Agreed. Also targeting the points where most of your garbage is created, you can try to re-use existing data structures instead of re-allocating them on each call. That’s a form of manual memory management that is used in GC languages like Java.
Other thing a GC language programmer must be very familiar with is the GC mechanism. In Java ther are several to choose from and you really need to understand how they work in order to choose the approperiate. Even more, you need to understand how to tune your GC settings in order to get the required performance out of it.
One example.
Java 6 HotSpot server will default to Parallel GC. That is every once in a while the program freezes and memory is collected. Not god for webservers. Better is Concurrent-Mark-Sweep (CMS) GC. There are few tricks however. The default settings for CMS GC is quite poor. Basically your heap is devided into to regions Eden space and Old Gen. All memory allocations are initially made in Eden space which is CG-d very often. The objects surviving the GC will be moved to Old Gen. Looks nice. The very small Eden space is very cheap to collect. The huge Old Gen is collected at much much lower interval (up to once an hour) because that is an expensive operation.
The problem is that if the requested memory allocatio is bigger than fits into the Eden space, then the allocation is made directly in Old Gen which will fill up FAST needing very frequent Old Gen cleanup which is expensive as I told. That will make application ru even slower than with default GC.
The solution – increase the Eden space to reasonable size so that ALL allocations will happen there and elliminate the direct Old Gen allocations. Other hand try to keep the Eden space as small as possible because it is cleaned often and the smaller it is, the cheaper the cleanup.
One example from real life. I have Tomcat server that has 10GB RAM allocated to heap. Initially I enabled the CMS GC and it wasnt very fast. Discovered that 75% of alocations went directly to Old Gen which was sweeped very often. The default Eden Space size was 32MB. I initially increased it to 64MB, not much better. Then 128MB but still some allocations to Old Gen and the Eden Space was also collected too often – CPU load was too high. I increased the Eden space to 256MB and now I got the sweetspot. All allocations (except very eextreme Hibernate searches) are allocated in Eden Space, the collection happens around 50-75 times an hour and the Old Gen is very slowly increasing. The JVM analyses the situation int the Old Gen and actually analyses the rate of increase so even as I have 10GB available, the GC will kick in already around 2GB max 3GB level.

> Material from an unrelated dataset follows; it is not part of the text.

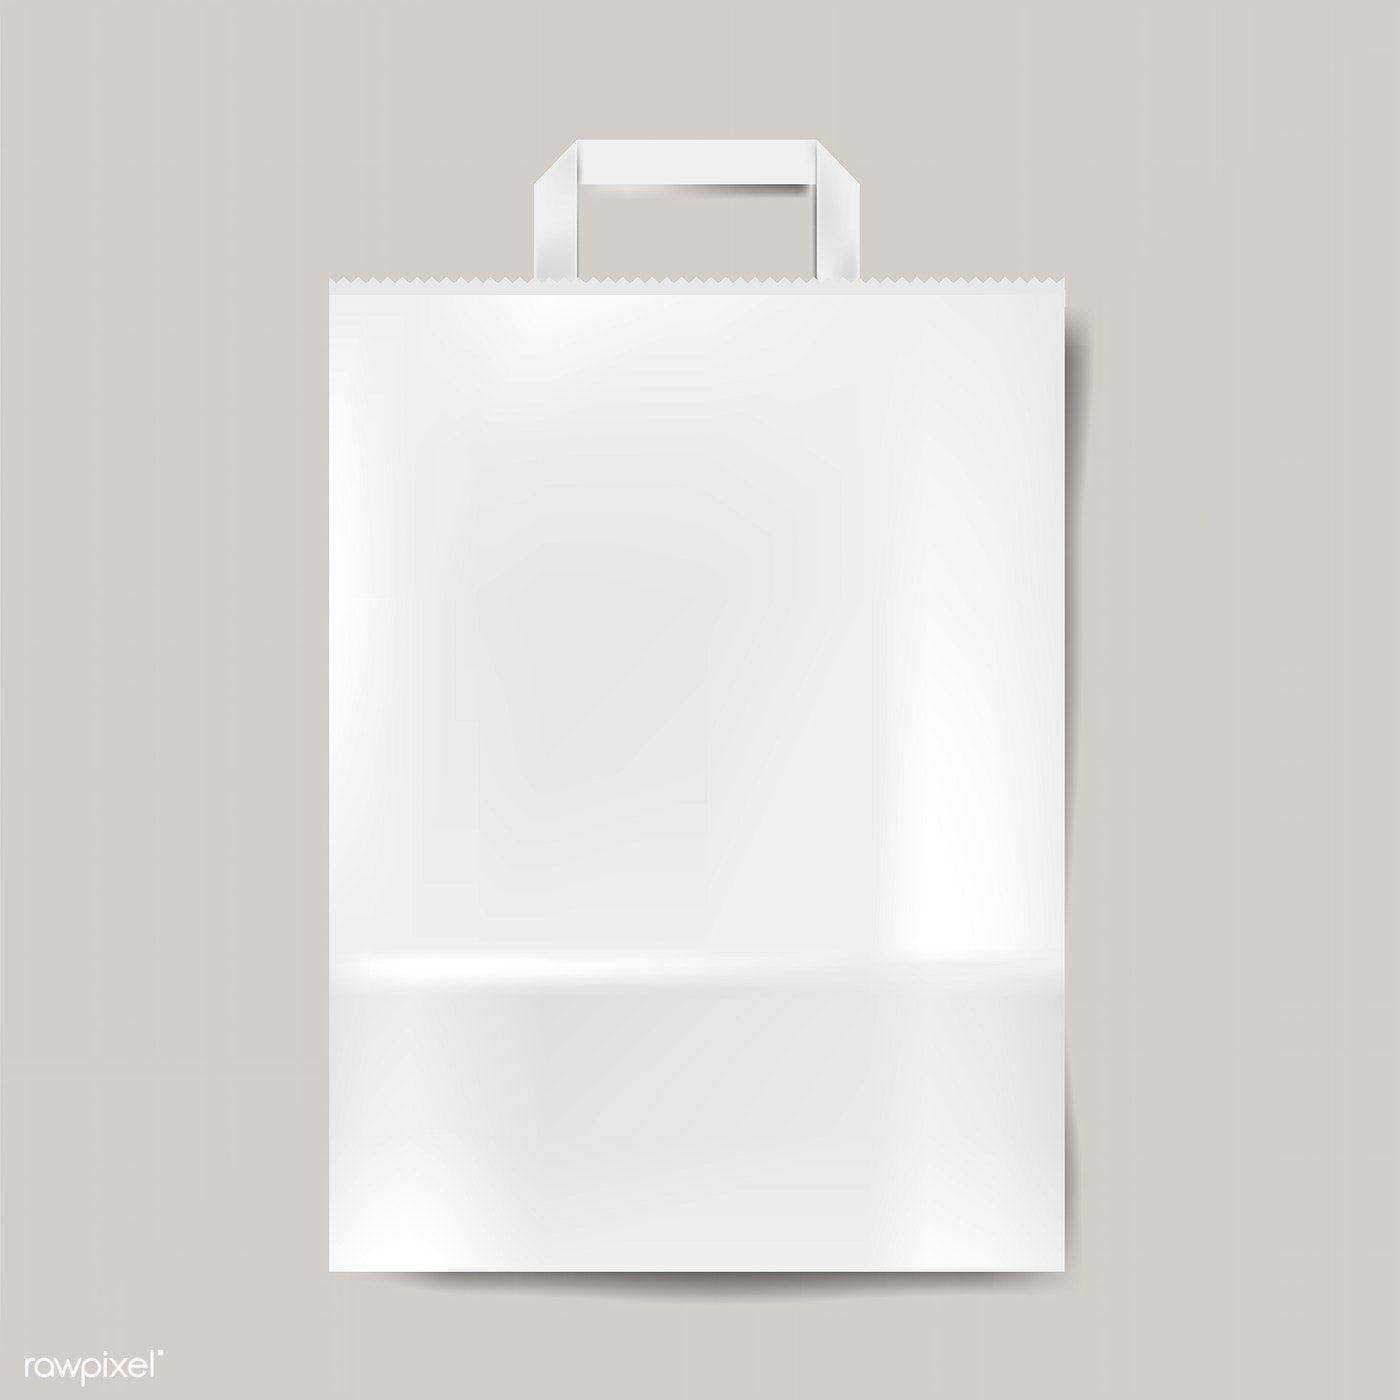 Download Paper Bag Mockup Isolated Vector Free Image By Rawpixel Com Bag Mockup Graphic Design Mockup Paper Bag

On busy days, the Old Gen is collected 3 times an hour and on quieter days it is collected once an hour. Performance and app responsiveness is excellent.

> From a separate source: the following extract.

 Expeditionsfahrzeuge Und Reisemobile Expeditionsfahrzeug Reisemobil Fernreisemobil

Same app in the same server but with default Parallel GC had poor performance and was getting OutOfMemory errors with 6GB Heap. Now I don’t use more than 3GB Heap and have excellent speed.
So you need to understand the GC algorithms and options to make the right choice and tune it correctly.
This is the whitepaper where I got all my knowledge – pure gold:
http://java.sun.com/j2se/reference/whitepapers/memorymanagement_whi…
Edited 2012-09-07 15:16 UTC
Everyone please! There is no ONE solution that will always “win” under all conditions.
There’s nothing wrong with going with GC and there’s nothing wrong with managing memory oneself. I’ve been allocating my own objects for over a decade and it’s honestly not been much trouble, it’s second nature. I can see how inexperienced programmers often get in trouble with memory, but lets not exaggerate that all programmers are bad with managing objects. I can also see why some experienced programmers prefer GC and it’s not a case of laziness. They’re both valid options. Even the performance will vary on the specifics of the application, the benchmarks here will probably not apply directly anywhere else.
The best thing a programmer can do is to use the language that they are most comfortable with and best fits the task – don’t worry about what anyone else says about GC.